The only class certification rulings issued so far in cases brought against hospitals have been unpublished state court decisions. In an instructive ruling involving similar alleged tracking technology, the Northern District of California denied class certification, holding that substantial issues about remaining logged into Facebook and clearing and blocking cookies meant that individualized issues predominated over any common issues. The court also held that the proposed class was not identifiable because class status turned on whether c_user cookies were sent to Facebook, which could not be easily determined.
In addition to individualized issues that may preclude class certification, plaintiffs’ proposed classwide damages theories may be unreliable because they do not reflect the economic realities of website interactions and/or do not fit with plaintiffs’ classwide claims. Lastly, depending on plaintiffs’ particular circumstances, discovery may show that the named plaintiffs are inadequate class representatives because their claims are subject to unique defenses.

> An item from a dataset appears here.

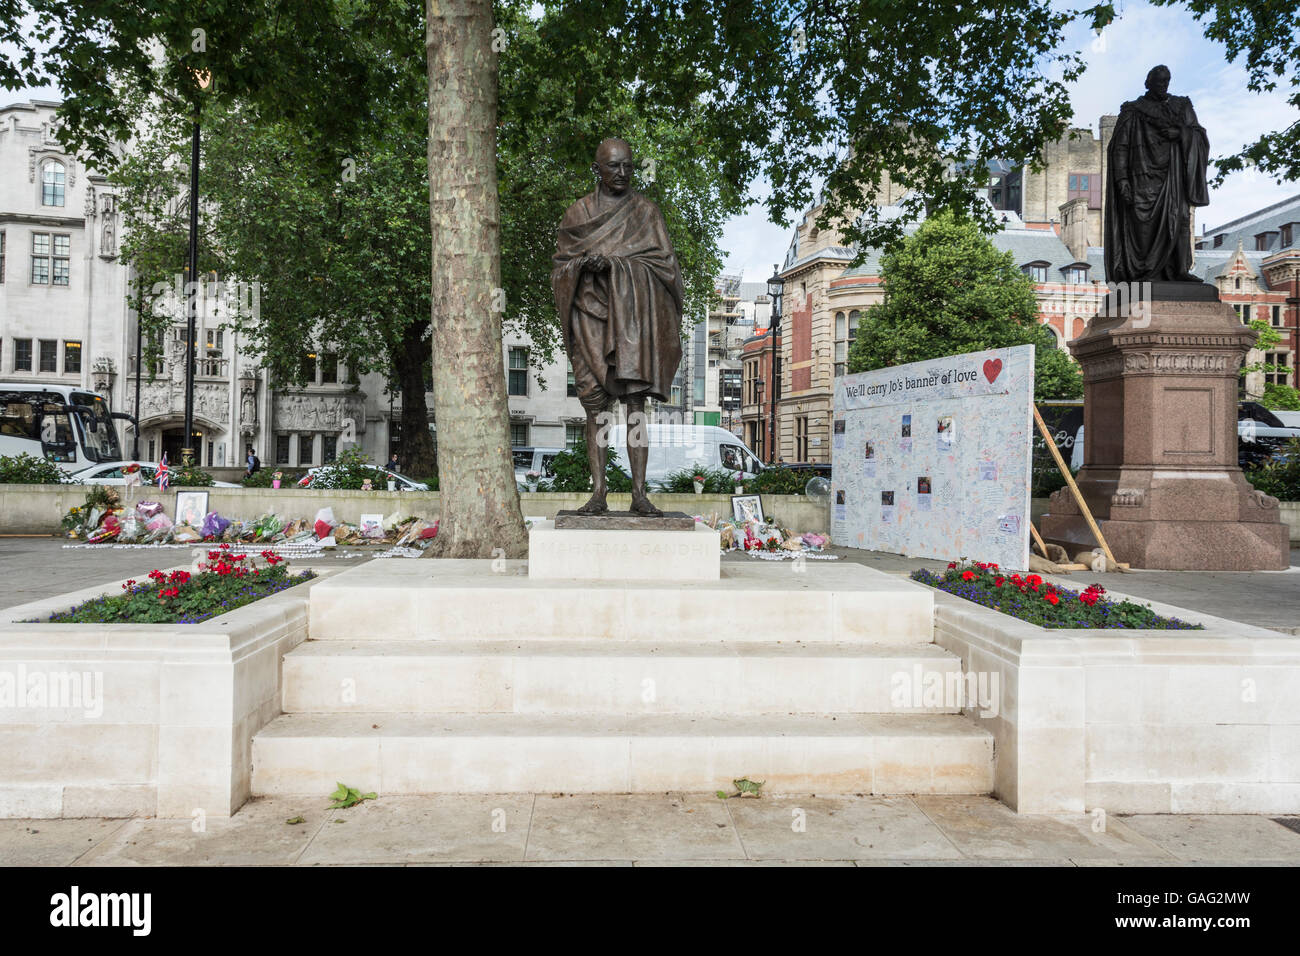 Tributs floraux et des souvenirs à Jo Cox dans Parliament Square, London, England, UK Banque D'Images

Moving for summary judgment or summary adjudication
As noted, we are unaware of any summary judgment or summary adjudication rulings in Hospital Website Pixel Cases yet. From a merits standpoint, hospitals may consider (a) whether patients consented to the use of analytics technology that was deployed, and to what extent; (b) whether the analytics technology was deployed on the online patient portal (as opposed to the public-facing website), as that is often not the case and may be case-dispositive; (c) whether state law prohibits the disclosure of the specific information that was allegedly disclosed; and (d) the precise information allegedly disclosed and to whom, among other considerations.
Mitigating the risk of a lawsuit
Often the best litigation strategy is to mitigate the risk of litigation in the first place. While our Privacy and Digital Risk Class Action and Litigation team is experienced in litigating the Hospital Website Pixel Cases, our Digital Assets and Data Management (DADM) colleagues specialize in privacy compliance and have substantial experience advising hospital clients on issues related to tracking technologies on their websites. This typically involves conducting an investigation, evaluating the privacy policy or notices in place, and advising on best compliance practices in light of the law and litigation landscape.